Выражение лица Костова остается каменным, вынув расческу из внутреннего кармана пиджака, он причесывает свои густые волосы. Он уже успокоился, поборол досаду, что-то сейчас обдумывает, прикидывает, но терпит мое присутствие, так как знает, что я пришел не лясы точить, а дело делать. Я убежден, что он помнит все наизусть, но, как опытный профессионал, вытаскивает из ящика стола блокнот с мелко исписанными страницами.

— В течение более полугода к нам поступали сигналы, — начинает он неохотно, — что один из главных экспертов одной ассоциации берет взятки у иностранных фирм, а может, осуществляет и экономический шпионаж. Сигналы были самые разнообразные, — голос Костова звучит уже сухо и официально, — от анонимных писем до личных предупреждений. Но самое главное — в последнее время этот эксперт — Сербез Карагьозов — подписал несколько катастрофических внешнеторговых соглашений. Техническим службам не удалось установить ничего существенного, но по предложению отдела и согласованию с ассоциацией было решено образовать следствие. Вы понимаете, как обстояли дела, пришлось действовать на ощупь…

Мне прекрасно известно, что значит «действовать на ощупь», но для такого старого и нелюбопытного человека, как я, куда интереснее, что в рассказе Костова фигурирует некая ассоциация.

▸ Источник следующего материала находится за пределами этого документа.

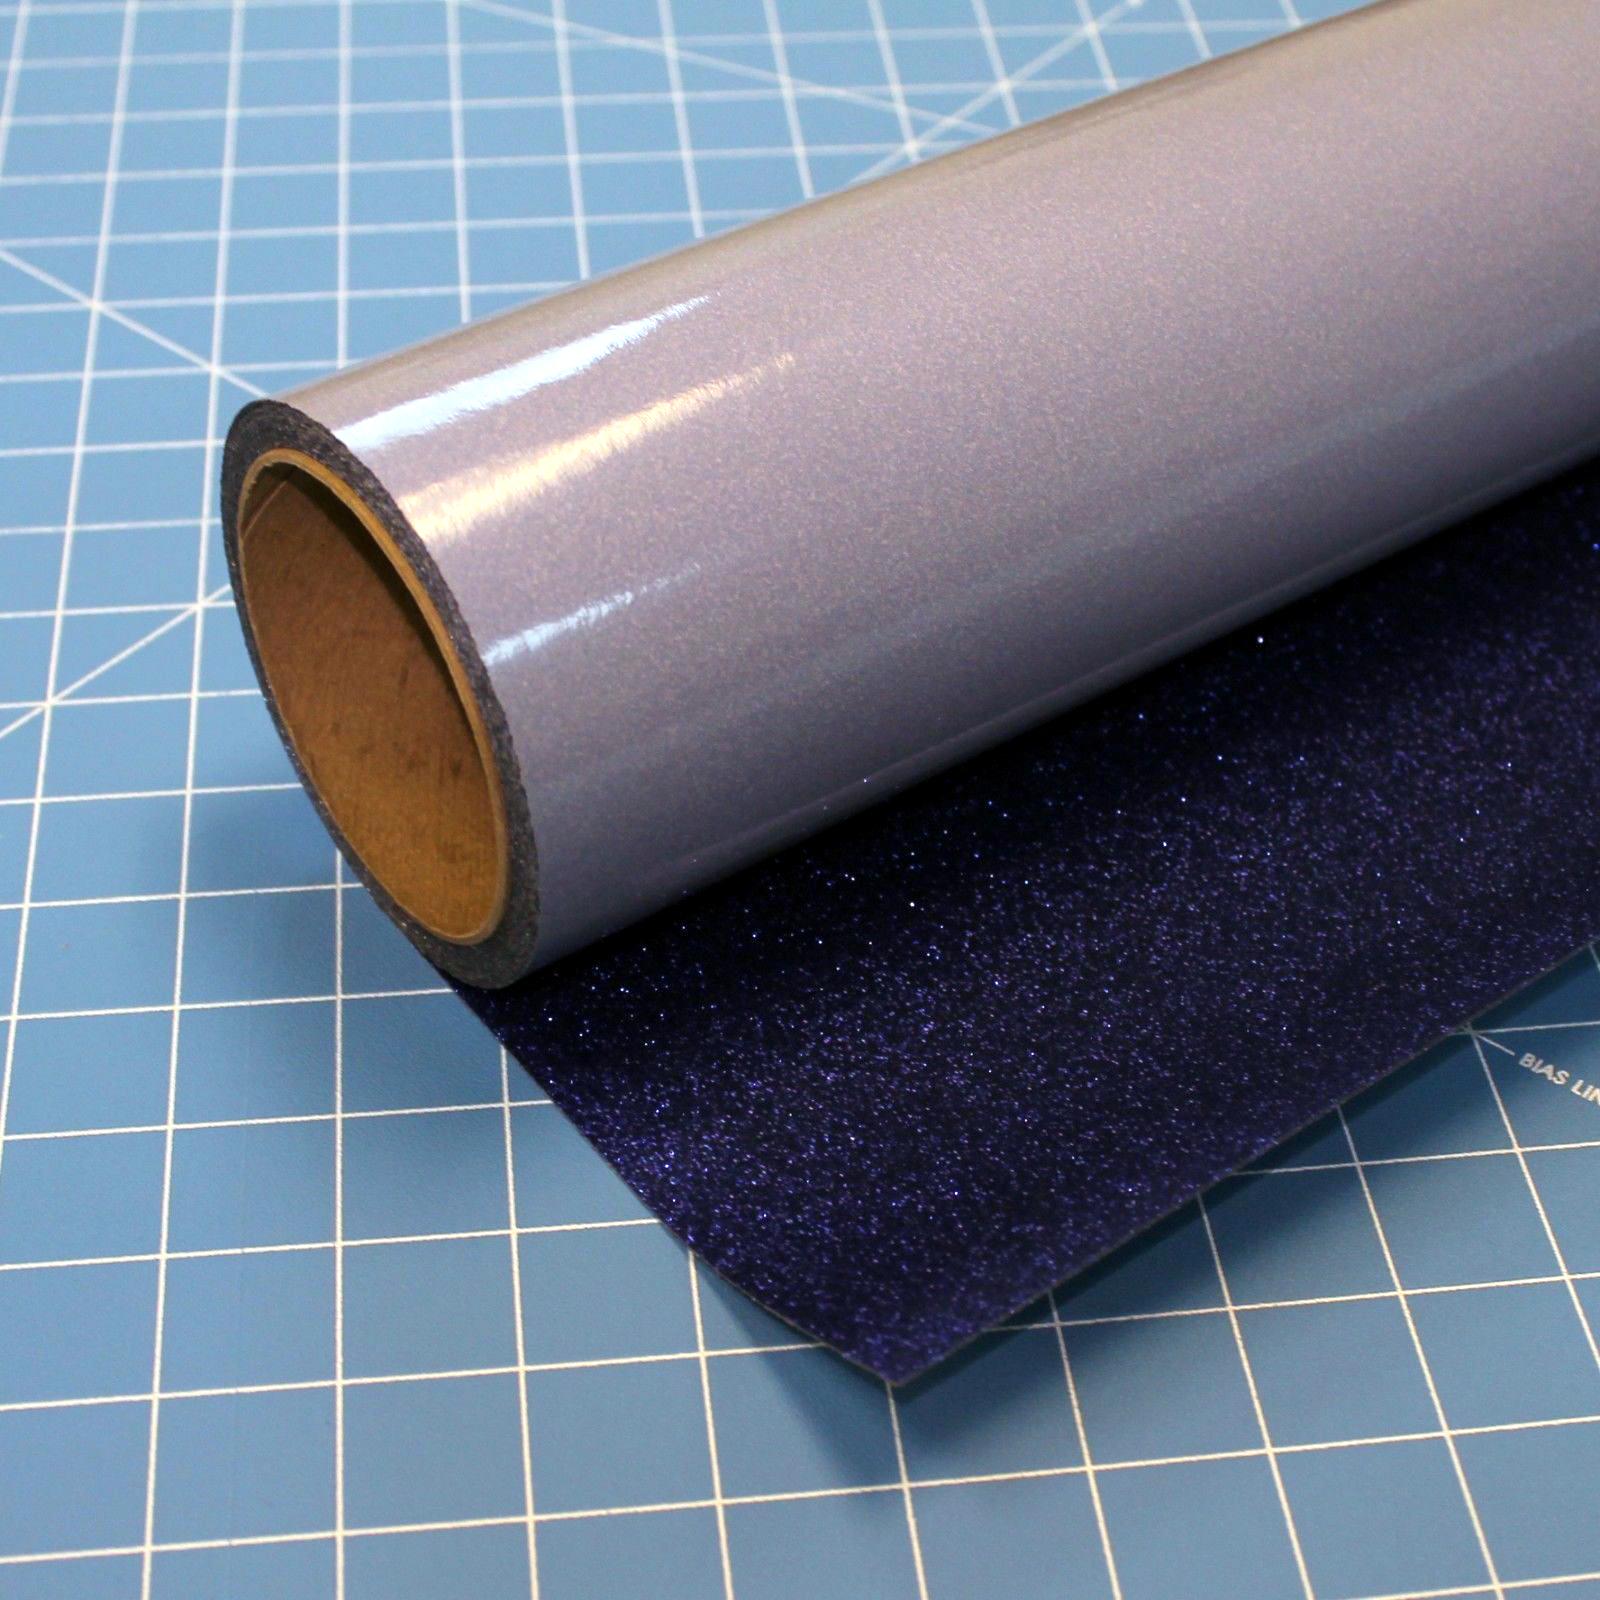 "Royal Blue Glitterflex Ultra 19.5"" x 3' Roll Glitter, Heat Transfer Vinyl, HTV"

— Допрошенные мной коллеги Карагьозова были убеждены, что он брал взятки или мелкие подарки, но не могли представить доказательства. Они описывали его как властную личность, неприятную в общении, как человека бесцеремонного и циничного. Такое эмоциональное отношение к подследственному требовало от меня очень осторожного подхода к делу. Наконец, в качестве свидетеля был вызван главный эксперт соседнего отдела той же ассоциации…

— Евгений Панайотов? — тихо спрашиваю я.

Костов весь напрягается, пальцы сжимаются в кулак, ложащийся на открытый блокнот.

— Вы, случаем, не ясновидец? — гневно вопрошает он.

Мне не впервой задают такой льстящий моему самолюбию вопрос, но сейчас вместо законной гордости я испытываю неловкость. Чем больше я узнаю́, тем больше теряюсь, упускаю логическую нить событий — будь я ясновидцем, я знал бы уже все.

— Да нет, — отвечаю скромно и, наконец, закуриваю. Костов угрюмо смотрит на меня: он чувствует, что я хочу выжать из него как можно больше, а в то же время знаю нечто существенное, что умышленно от него скрываю. Это нечестно, его раздражение в известной степени оправданно, поэтому я быстро шевелю своими склеротическими мозгами, стараясь найти правдоподобное объяснение своему ясновидению. Для заядлого курильщика первая сигарета — огромное удовольствие, и я в полном молчании делаю несколько глубоких затяжек.

— Видите ли, — говорю я наконец, — я не обладаю никакими парапсихическими свойствами, не могу передвигать предметы на расстоянии — просто семь лег назад я вел следствие по делу Бабаколева. Вместе с группой наркоманов он совершил кражу со взломом в одной аптеке. В этой истории оказалась замешанной дочь Евгения Панайотова, у которого Бабаколев был тогда шофером. Фамилия Панайотов возникла в моем сознании путем ассоциации.

— Логично… — неуверенно произносит Костов. Он тоже тертый калач и чувствует, что, говоря ему чистую правду, я по сути его обманываю.

— Так мы дошли до того момента, — поощряю его я, — когда Панайотов явился к вам в качестве свидетеля.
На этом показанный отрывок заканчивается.